The coalition proposes traditional energy efficiency measures, like home insulation and up-to-date appliances, but also a suite of technologies and incentives that allow households and businesses to spread their power use throughout the day. Those might include “smart” residential thermostats and water heaters; electric vehicles that can charge at off-peak hours and feed power back into the grid when it’s needed; and incentive programs that encourage consumers to shave their power use when the grid is strained.

These strategies could add up to a more flexible grid and “flatten the curve” of electricity demand — if grid operators can figure out how to piece them all together.

State regulators and utilities have already started testing those approaches. Environmental justice groups want them to pick up the pace.

One reason? Relying less on peaker plants could save money.

According to the US Department of Energy, developing a more flexible grid could meet peak power needs at less than half the cost of the aging plants. (These plants charge millions of dollars a year to stay open — even if they rarely run — in exchange for serving as a backstop for the grid.)

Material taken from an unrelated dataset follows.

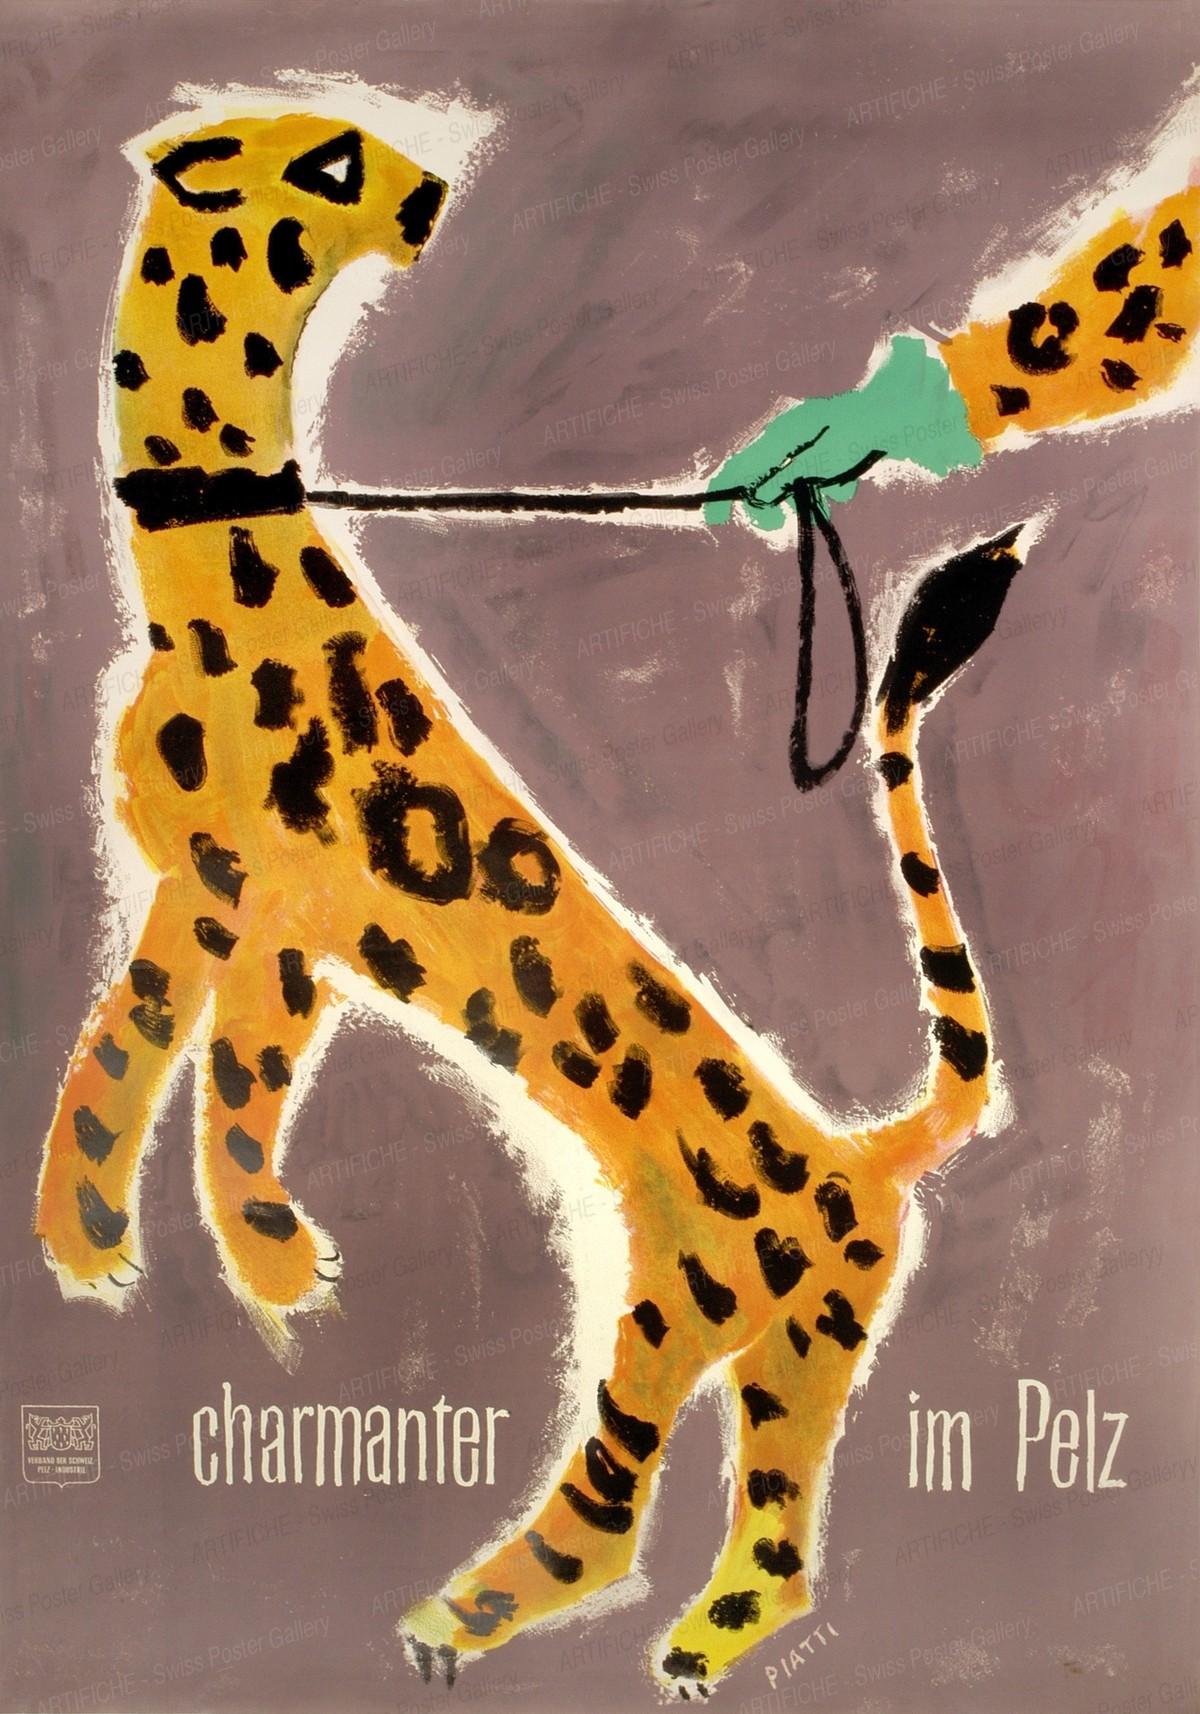 charmanter im Pelz, Celestino Piatti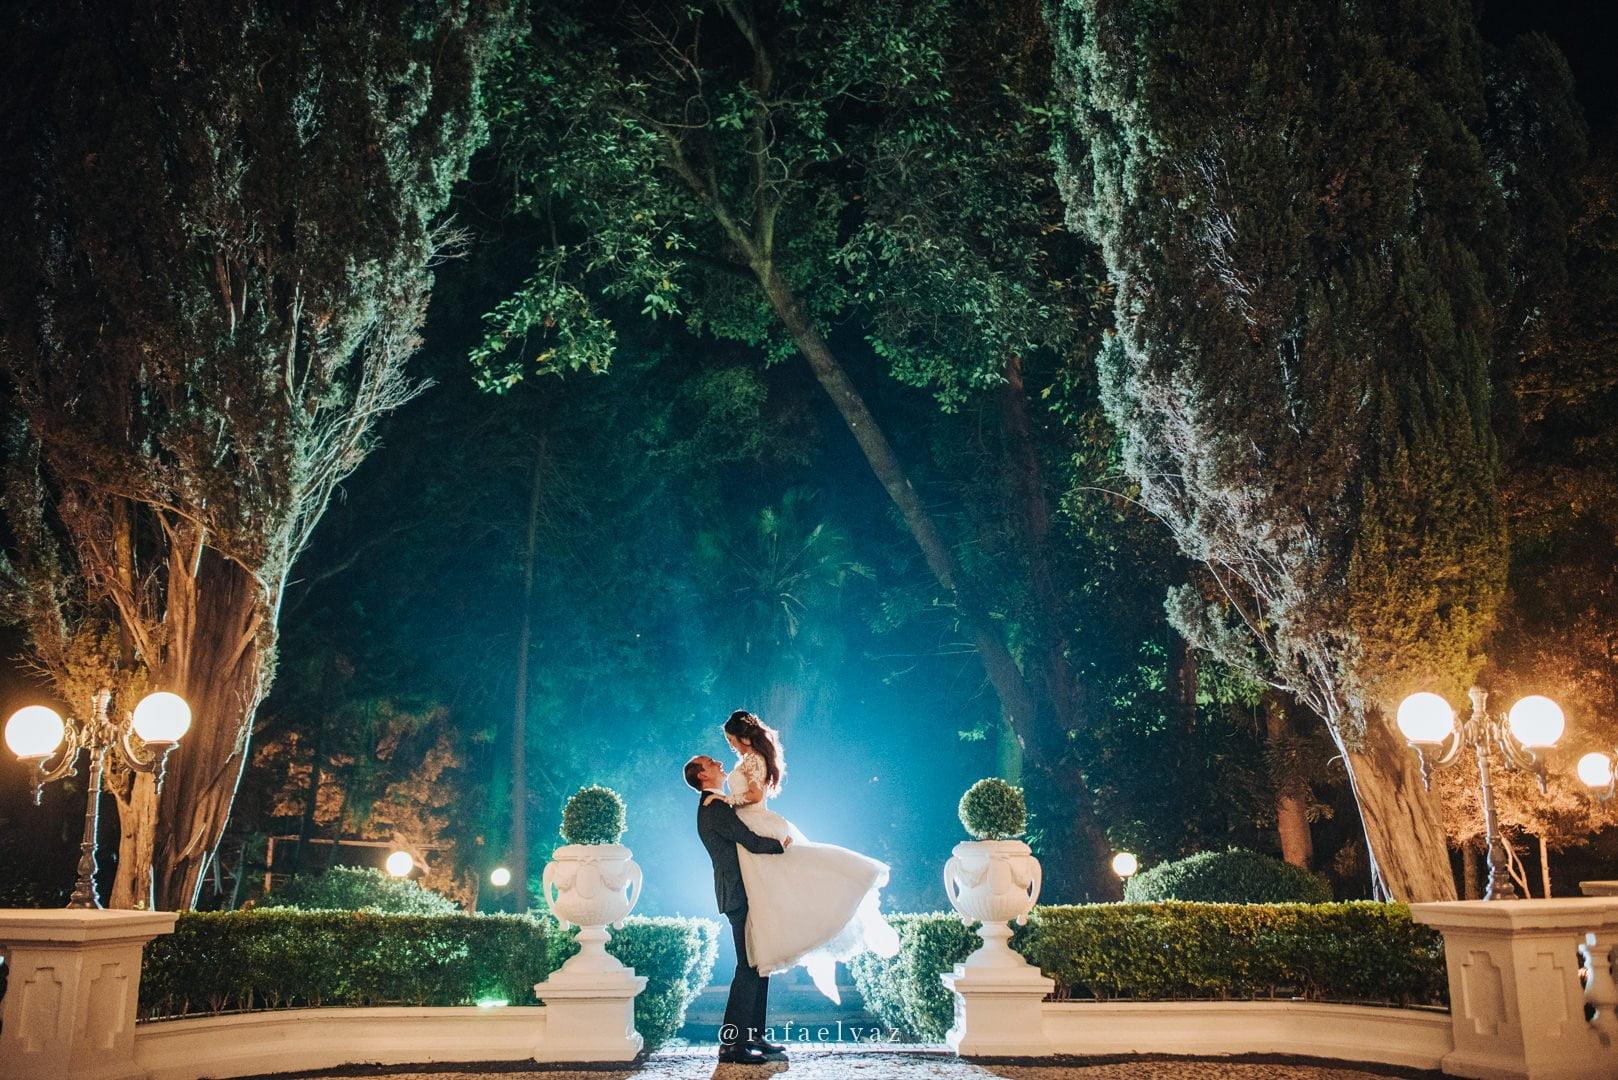 Palacio dos cedros, casamento no palacio dos cedros, casamento de dia no palacio dos cedros, casamento no gasebo palacios dos cedros, fotografo de casamento sp, palacio dos cedros decoracao, decoracao de casamento no palacio dos cedros, fotografo de casamento palacio dos cedros, rafael vaz no palacio dos cedros, rafael vaz fotografo, rafael vaz fotografia

The PEAK Coalition notes that New York’s largest electric utility, Con Edison, lags behind peers in places like Chicago and even Indiana in enrolling customers for programs to reduce peak power use. (ConEd did not respond to a request for comment.)

But behind the scenes, regulators have been preparing for a wider sea change. Traditional rooftop solar — a core component of the decentralized approach — is the one area where New York has outpaced its climate law targets. And just last week, the state began looking for consultants to kick off larger upgrades to the grid allowing it to communicate with the technologies plugged into it.

NYISO said it’s on board with the effort, too. It is already counting on energy efficiency, alongside small-scale solar and batteries, to keep the grid balanced over the next decade. But Lanahan, NYISO’s communications head, said the grid operator wants to encourage more.

The biggest caveat in NYISO’s latest study, as with all forecasts, is the uncertainty around its underlying assumptions. Major projects that have been announced — like the state’s Empire AI center — can’t be incorporated into the grid operator’s models because their scale has yet to be determined. Nor can huge offshore wind projects that don’t have contracts yet, even though the state is still counting on them to meet its climate targets.

And when it comes to data centers, even the companies building them don’t know the full scale of what’s ahead, said John Wilson, vice president of the energy consultancy Grid Strategies.

“There’s a lot of technical planning and a lot of economic planning that is going on right now, trying to sort out what is needed and what can be built and what should be built,” Wilson said.

“I don’t think you’ll find anybody who’s got the secret model in their computer that actually has the answers to those questions.”